His Honor properly refused to instruct the jury, "If they believed the evidence, that the defendant had been heretofore acquitted of this offense."

In S. v. Hankins, 136 N.C. 623, Walker, J., fully and clearly discusses the whole subject, and says, that, to support a plea of former acquittal, both prosecutions "must be for the same offense, both in law and in fact," citing S. v. Jesse, 20 N.C. 98; S. v. Nash, 86 N.C. 656; S.v. Williams, 94 N.C. 891. To same purport, Connor, J., in S. v. Taylor,133 N.C. 759.

It is true that the date charged in the bill is immaterial. Revisal, sec. 3255. The two indictments did not charge the offense on the same day. The defendant, on whom rests the burden of this plea, cannot be either prejudiced or protected by the allegation of the date in the bill. He must show that, in fact, the evidence which had been offered to prove the first offense indicated the same offense, i. e., the same transaction, therefore occurring at same time and place as that put in evidence on this trial.

The defendant's counsel contends, and correctly, that a defendant may be tried, regardless of the date charged in the bill, for the offense *446 described therein, upon proof of any commission of that offense at any time prior thereto, not barred by the statute of limitations; and it is also true, as contended, that he cannot be tried more than once for the same offense. But this does not mean that one convicted of (610) carrying concealed weapons, or of larceny, or of any other crime, is immune thenceforth as to any other charge of the same nature, if the crime was committed prior to return of the indictment. The burden is on the defendant to plead and to prove that the former conviction or acquittal was for the identical offense.

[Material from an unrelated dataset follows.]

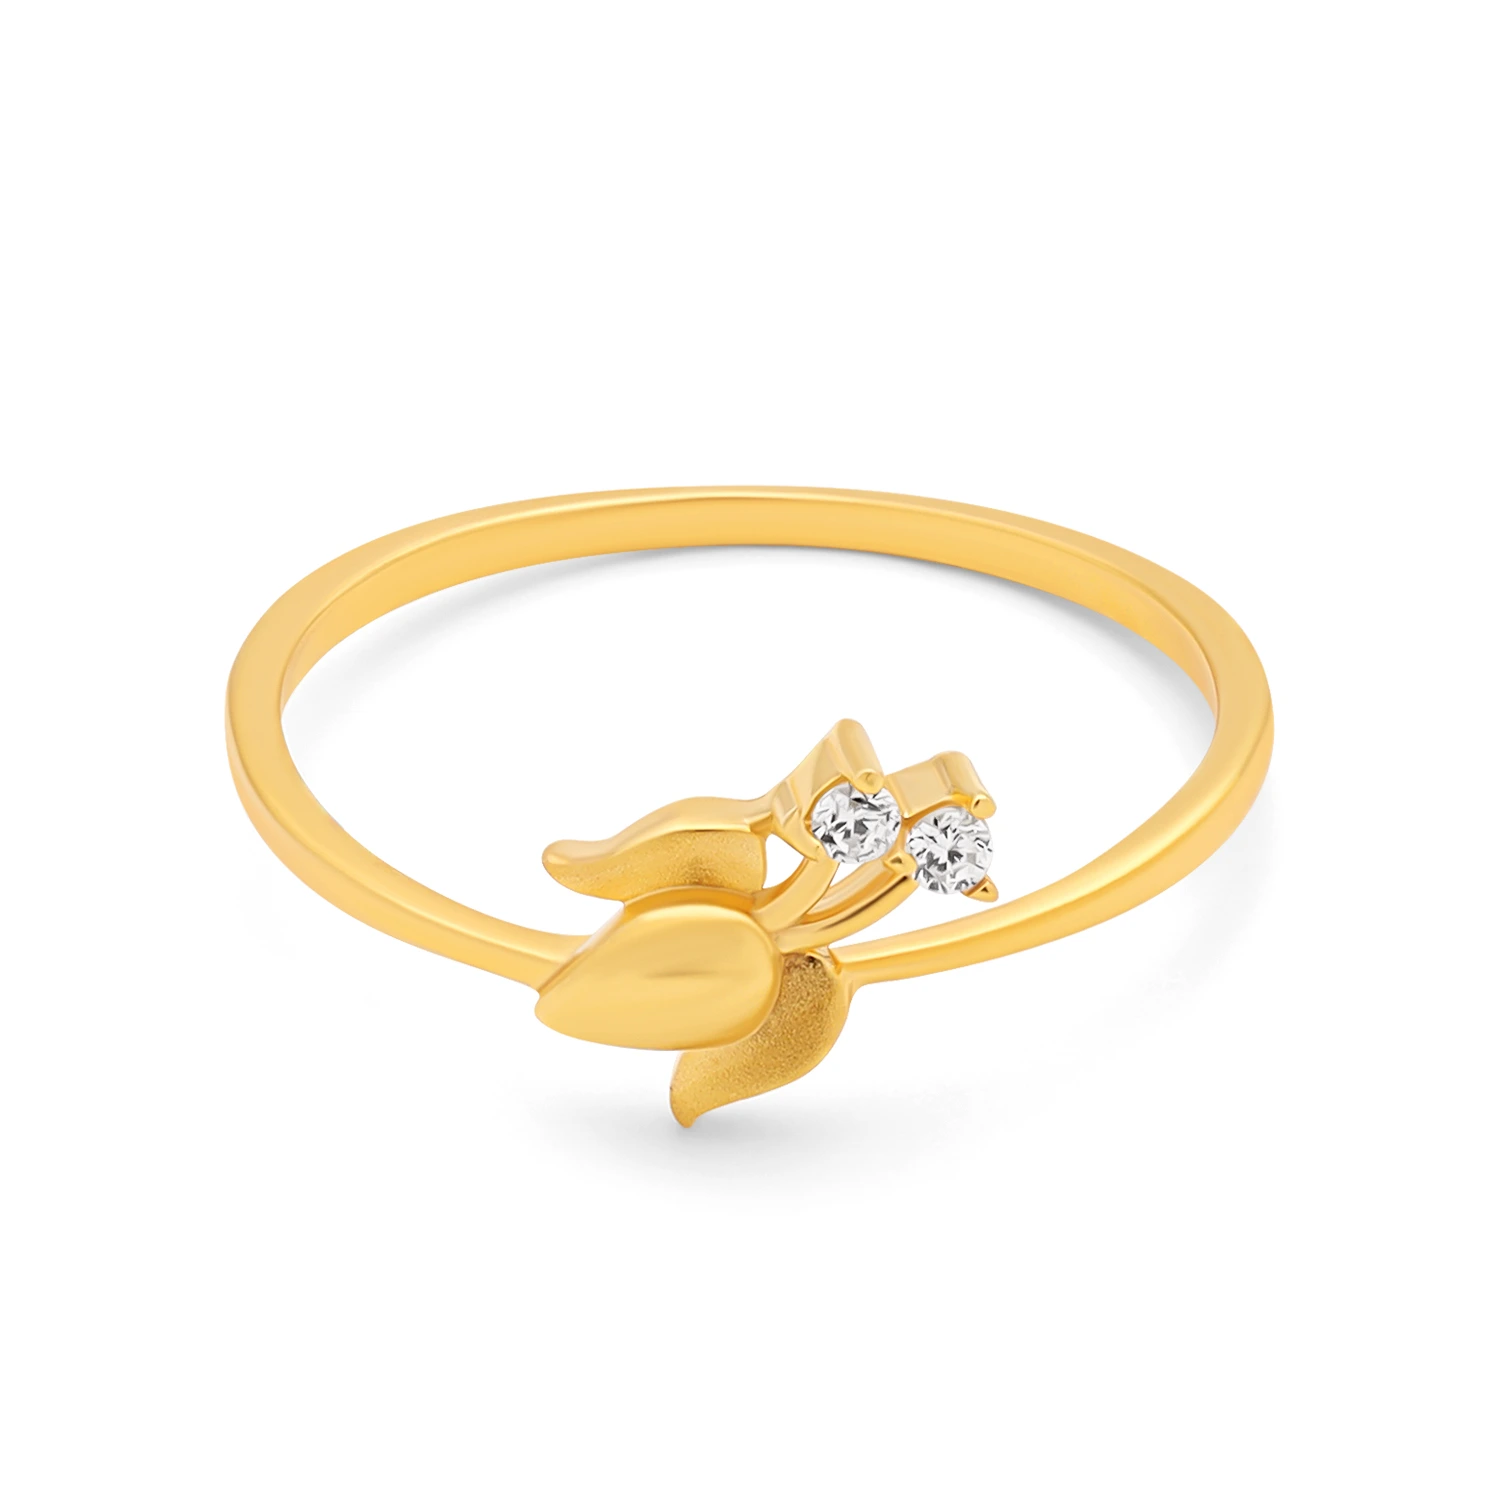 saudi arabia gold wedding ring price| Alibaba.com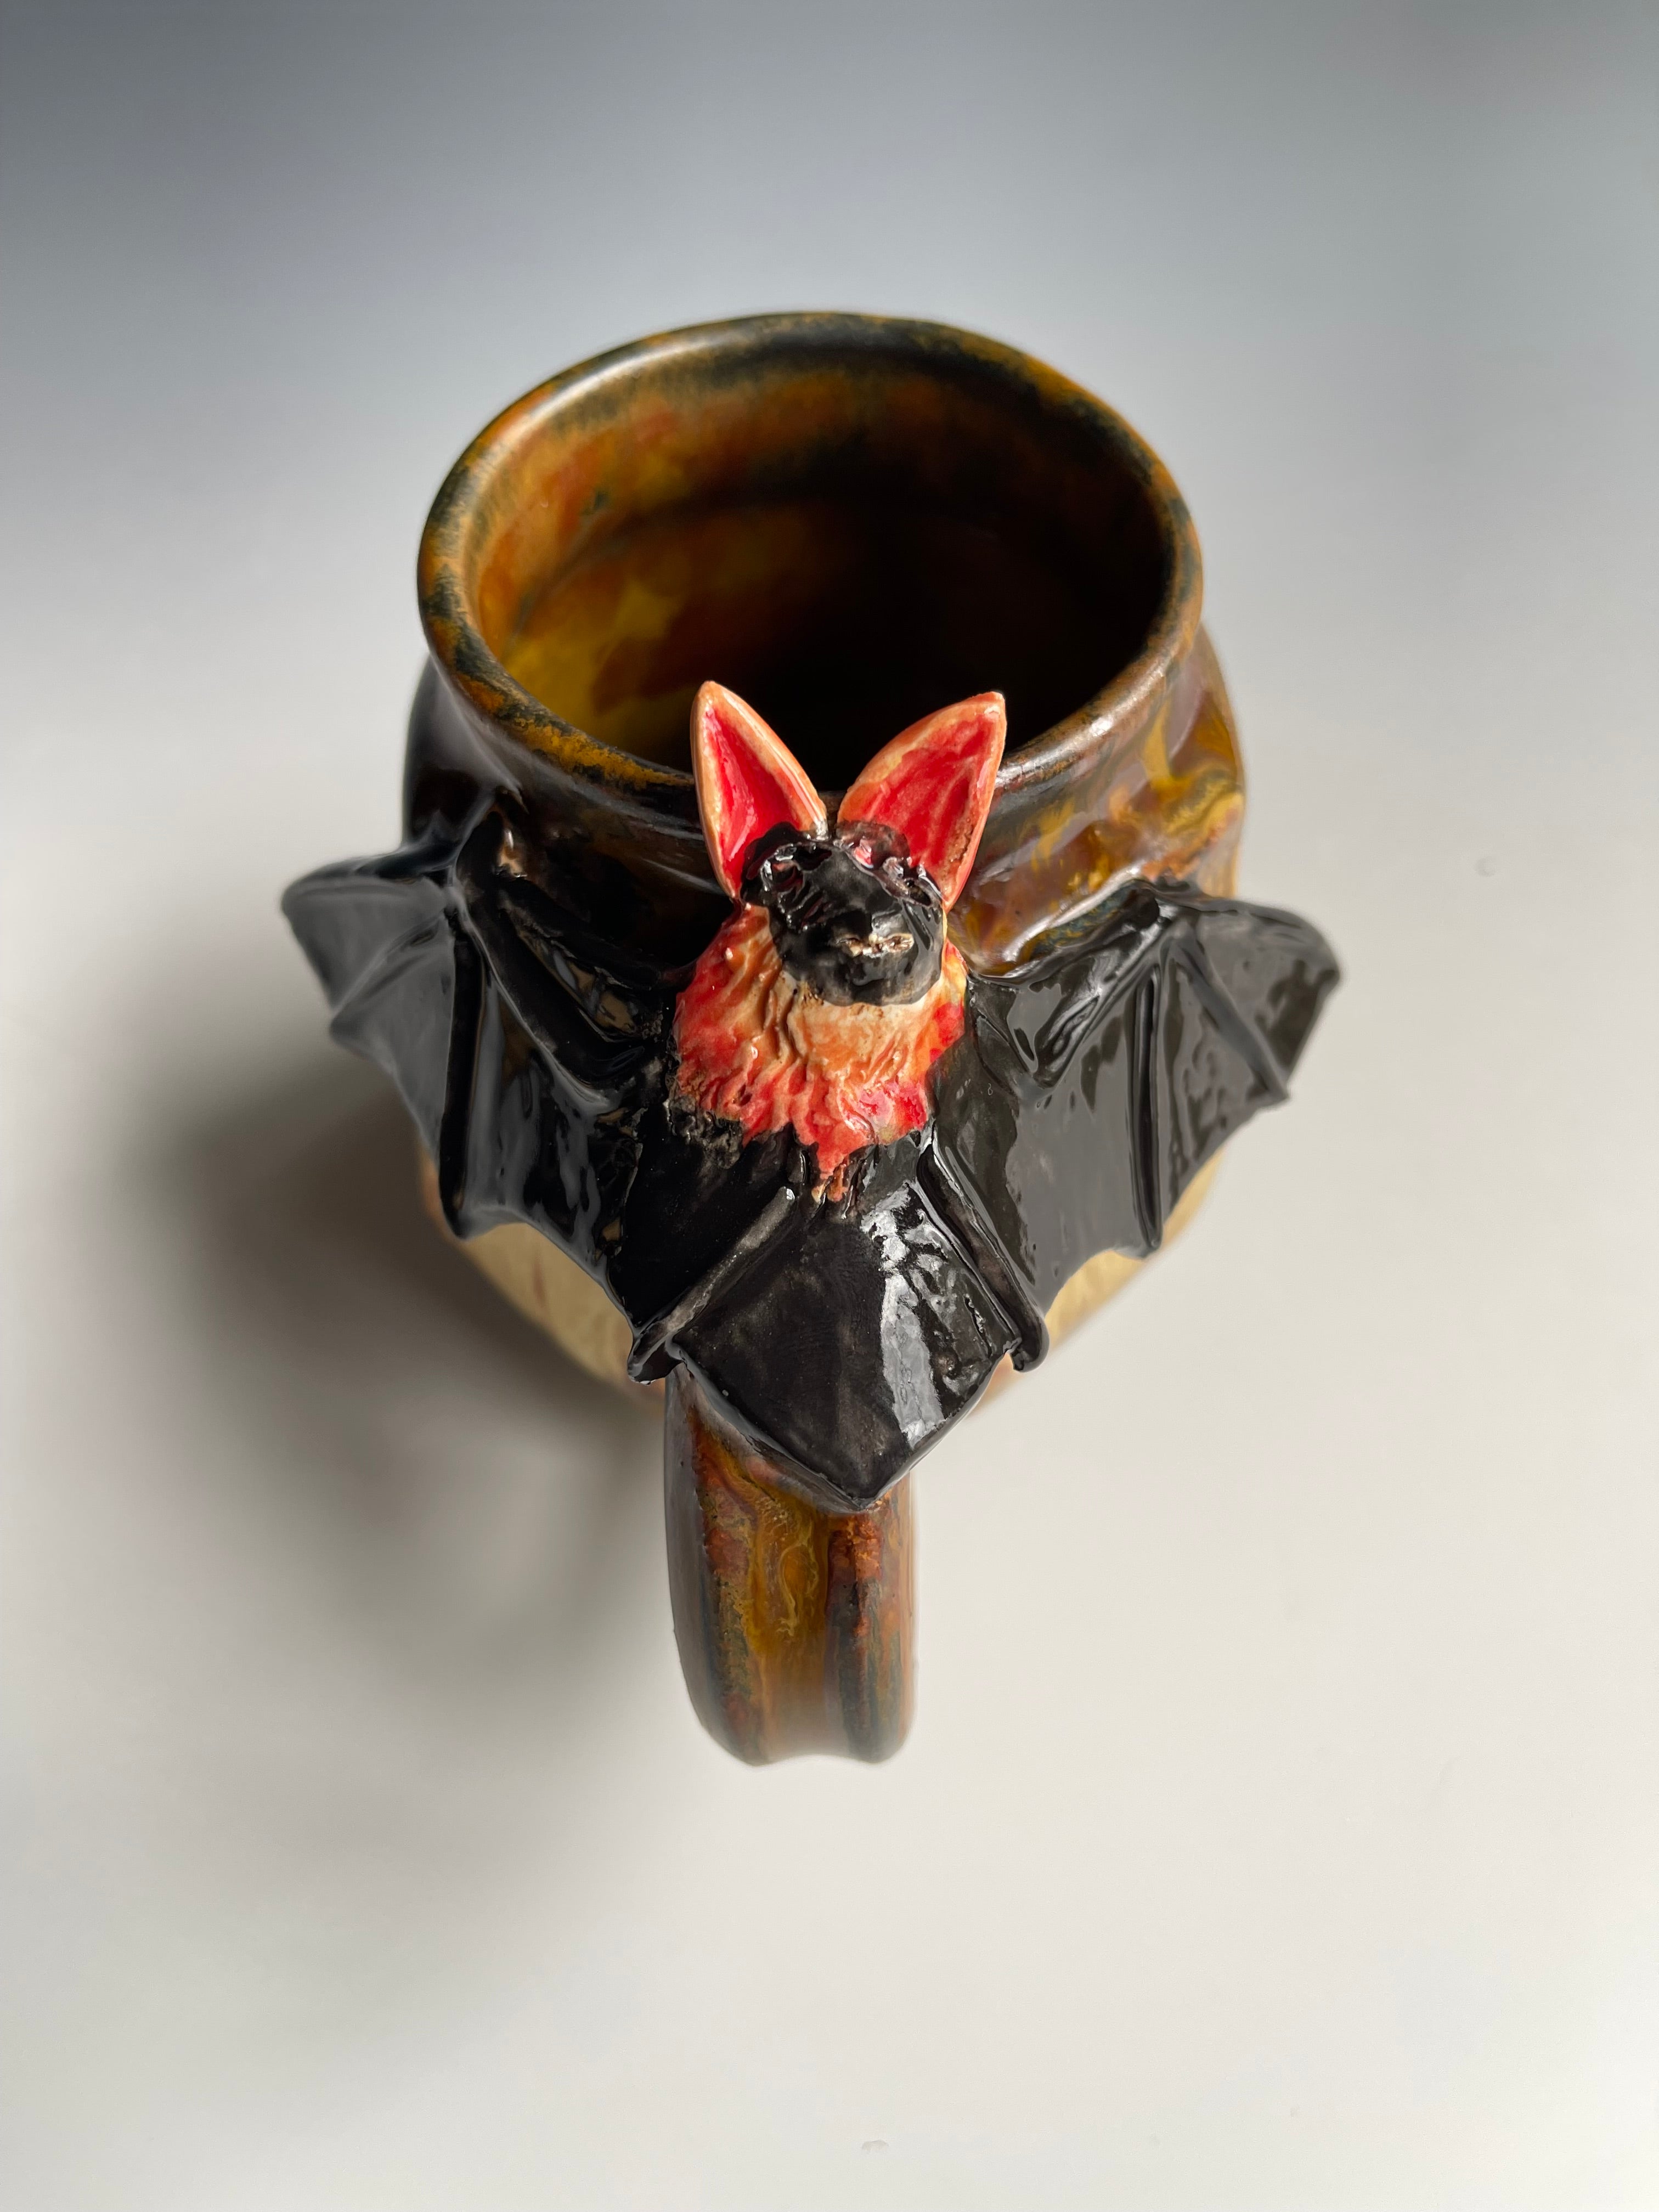 Ceramic bat sculpture mug

This plea is not of a criminal nature, touching defendant's conduct, but is a collateral civil inquiry as to the former action of the court, and, therefore, the verdict on such issue, whether in favor of or against the defendant, may be set aside by the judge in his discretion, or if against the weight of the evidence. S.v. Ellsworth, 131 N.C. 774; 92 Am. St. 790. The production of the indictment and judgment in the former action is sufficient to show the nature of the offense charged therein (but not the date or place, which are immaterial under our statute), and the defendant must by parol show that the two charges are for the same transaction. This can never be difficult to do. Indeed, the defendant is a competent witness, and his going on the stand in this civil issue will not compel him to go on the stand in the criminal issue. The two issues can be tried separately. S. v. Winchester,113 N.C. 641; S. v. Ellsworth, supra.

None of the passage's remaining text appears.